Nomogram for Prognosis Evaluation
A nomogram was constructed on the basis of independent prognostic factors to evaluate the CSS of SCLC patients with BM (Figure 4). By inputting a patient’s information on these prognostic factors, the nomogram will provide a pragmatic model for the doctors to evaluate the 1-year and 2-year survival for SCLC patients with BM. In this nomogram, we can draw a vertical line from each prognostic factor to the Points scale to acquire respective points. The points of each variate can be added to produce a total point.11 Then, we can draw a vertical line from the Total Points scale to the 1-year and 2-year survival scale to estimate the probabilities of survival for each patient.11
Discussion
As an aggressive cancer, SCLC is conspicuous with a high risk of BM. According to our analysis of the SEER database, 15.5% of the SCLC patients presented with BM at presentation. The incidence of SCLC and its BM has significantly decreased after 2010. Age, male and advanced T stage independently portended greater odds of BM at presentation. SCLC patients with BM showed inferior survival to those without BM. Moreover, increasing age, large tumor size, and advanced N stage were predictors for poor survival of SCLC patients with BM. These results may have some clinical implications.

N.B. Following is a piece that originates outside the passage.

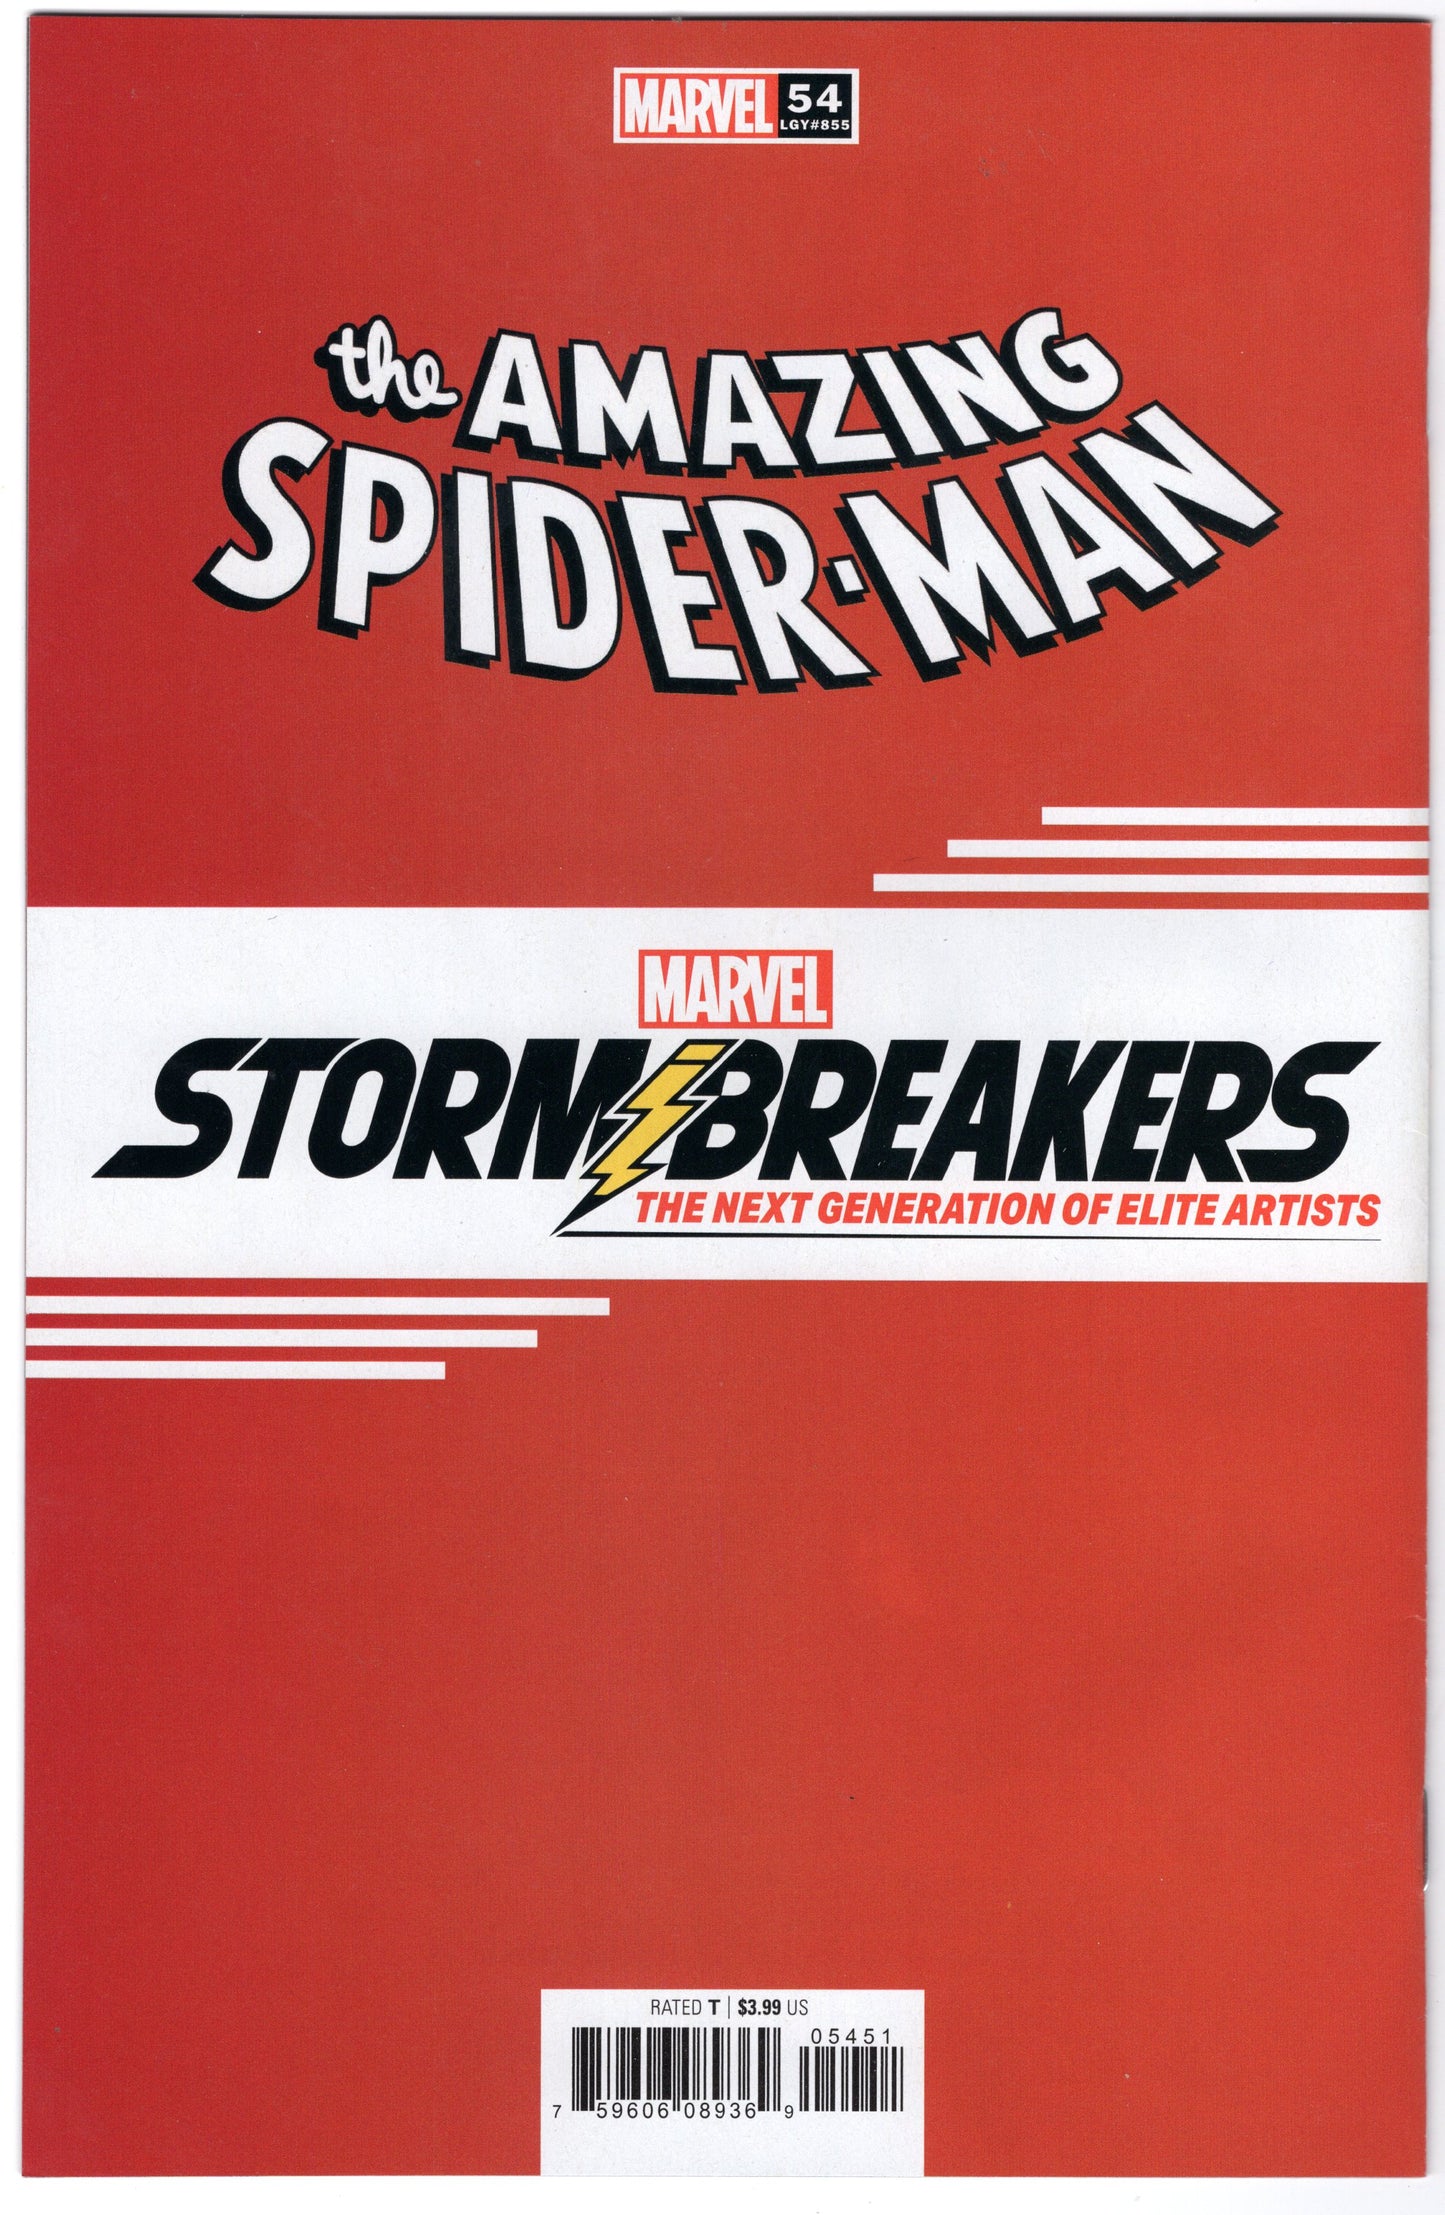 The Amazing Spider-Man - Issue #54 "Stormbreaker - Variant Cover" (Feb. 2021 - Marvel Comics) NM

Our incidence trend analysis indicated significant downward trends for both SCLC and its BM ever since 2010. A recent study reported that the incidence of SCLC declined by 3.6% annually from 2001 to 2016.12 Just similarly, our results also showed an APC of −3.67 in SCLC since 2010. The remarkable incidence decrease may be interpreted by the reduction of smoking in America in recent years.12 The decrease of BM incidence in SCLC is our new finding; further research is necessary to elucidate the biological etiology of this trend. With respect to the risk factors for BM of SCLC patients at presentation, a recent study has considered that lung cancer patients were inclined to live longer owing to the progress in systemic therapy for cancer, so they had more time to develop BM.13 Consistent with this report, we have also identified age as an independent risk factor for BM in those SCLC patients. We speculate that younger patients may live longer than their older counterparts, so they still tend to have more time to yield BM. Furthermore, another study has analyzed the risk factors for BM in 153 patients with limited-stage SCLC. It reported that patients with higher T stage had an increased risk of BM.14 Evidently, the T stage represents the status of primary site, and higher T stage reflects the more aggression of cancer. Our study has also indicated that SCLC with higher T stage was an independent risk factor for a higher odds of BM. Additionally, some variables, such as hypoxia, may cause the aggressiveness and fast progression of cancer. The hypoxia condition may upregulate the hypoxia-inducible factor (HIF); this helix transcription factor can affect the carcinogenesis and tumor growth by regulating the genes in glycolytic metabolism, angiogenesis, and other biological process.15 Hence, age, advanced T stage, and hypoxia may become the predictors for BM in patients with SCLC.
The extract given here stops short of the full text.